Die Experimente in virtuelle Experimente (EVE) Rahmen erleichtert die Gestaltung, Durchführung und Auswertung der VR Experimente, insbesondere solche mit zusätzlichen Peripheriegeräten (z. B.., Eye Tracker, physiologische Geräte)30. Das EVE-Framework ist frei als Open-Source-Projekt auf GitHub (https://cog-ethz.github.io/EVE/) zur Verfügung. Dieses Framework basiert auf der beliebten Unity 3D game-Engine (https://unity3d.com/) und die MySQL-Datenbank-Management-System (https://www.mysql.com/). Forscher können EVE Rahmen verwenden, um die verschiedenen Phasen eines VR-Experiments, Pre- und Post-Studie Fragebögen, Basisberechnungen für physiologische Daten, einschließlich Ausbildung mit der Bedienoberfläche, die Hauptnavigation Aufgabe vorzubereiten und Tests für räumliche Gedächtnis der navigierten Umwelt (zB., Urteile des relativen Richtung). Experimentatoren können auch steuern, die Synchronisation von Daten aus verschiedenen Quellen und auf verschiedenen Ebenen der Aggregation (zB. über Studien, Blöcke oder Sitzungen). Datenquellen möglicherweise physischen (i.e., verbunden mit der Benutzer; siehe Tabelle der Materialien) oder virtuell (dh., abhängig von Wechselwirkungen zwischen der Teilnehmer Avatar und der virtuellen Umgebung). Zum Beispiel kann ein Experiment verlangen Aufzeichnung von Herzfrequenz und Position/Ausrichtung des Teilnehmers wenn des Teilnehmers Avatar bewegt sich durch einen bestimmten Bereich der virtuellen Umgebung. Alle diese Daten automatisch in einer MySQL-Datenbank gespeichert und ausgewertet mit Replay-Funktionen und das R-Paket Evertools (https://github.com/cog-ethz/evertools/). Evertools bietet ausführenden Funktionen, grundlegende Deskriptive Statistik und diagnostische tools für die Verteilung der Daten.
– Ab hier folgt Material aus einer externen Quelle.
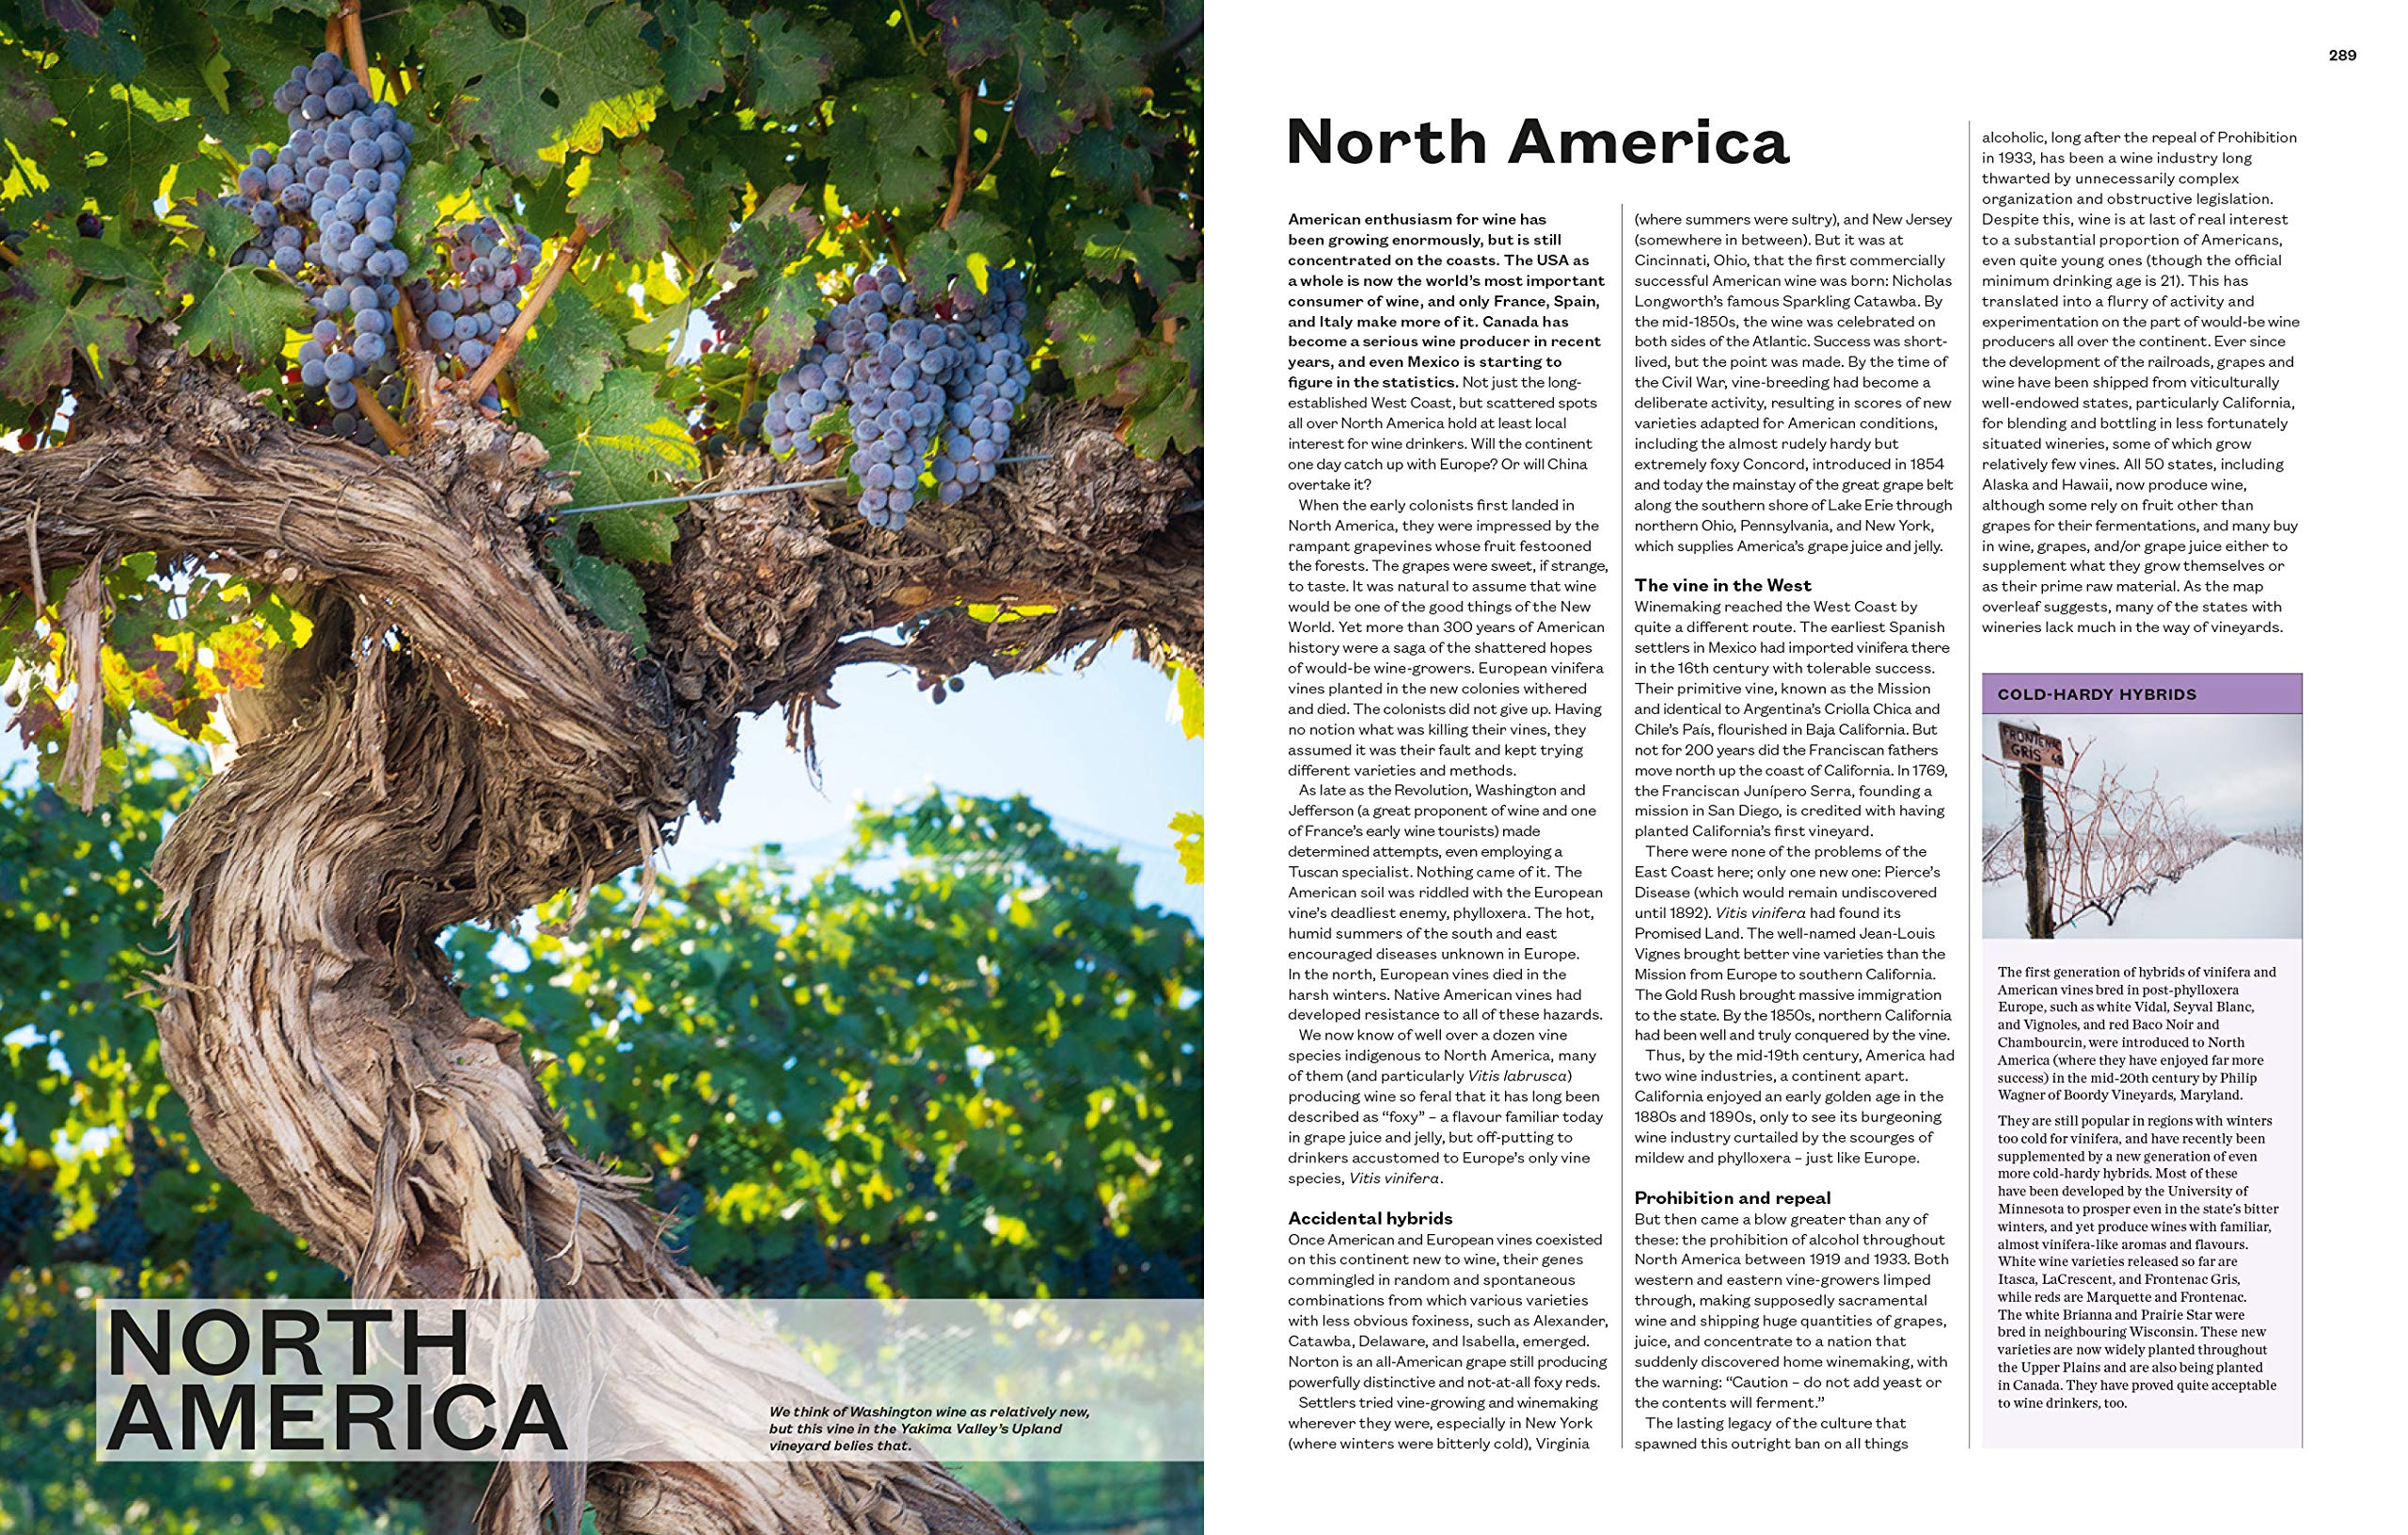 The World Atlas of Wine 8th Edition (Hugh Johnson, Jancis Robinson)

EVE-Rahmen kann mit einer Vielzahl von physischen Infrastrukturen und VR-Systeme bereitgestellt werden. In diesem Protokoll beschreiben wir eine bestimmte Implementierung bei der NeuroLab an der ETH Zürich (Abbildung 1). Der NeuroLab ist ein 12 m x 6 m Raum mit einer isolierten Kammer für EEG Experimente, eine Kabine mit VR-System (2,6 m x 2,0 m) und einem drapierten Bereich zum Anbringen von physiologischen Sensoren. Das VR-System beinhaltet ein 55" Ultra-high-Definition-TV-Display, einen High-End-Gaming-Computer, eine Joystick-Steuerung-Schnittstelle und verschiedene physiologische Sensoren (siehe Tabelle der Materialien). In den folgenden Abschnitten wir beschreiben das Protokoll zur Durchführung eines Experiments der Navigation in der NeuroLab mit Eva Rahmen und physiologische Sensoren, repräsentative Ergebnisse aus einer Studie über Stress und Navigation, und besprechen Sie die Möglichkeiten und Herausforderungen im Zusammenhang mit diesem System.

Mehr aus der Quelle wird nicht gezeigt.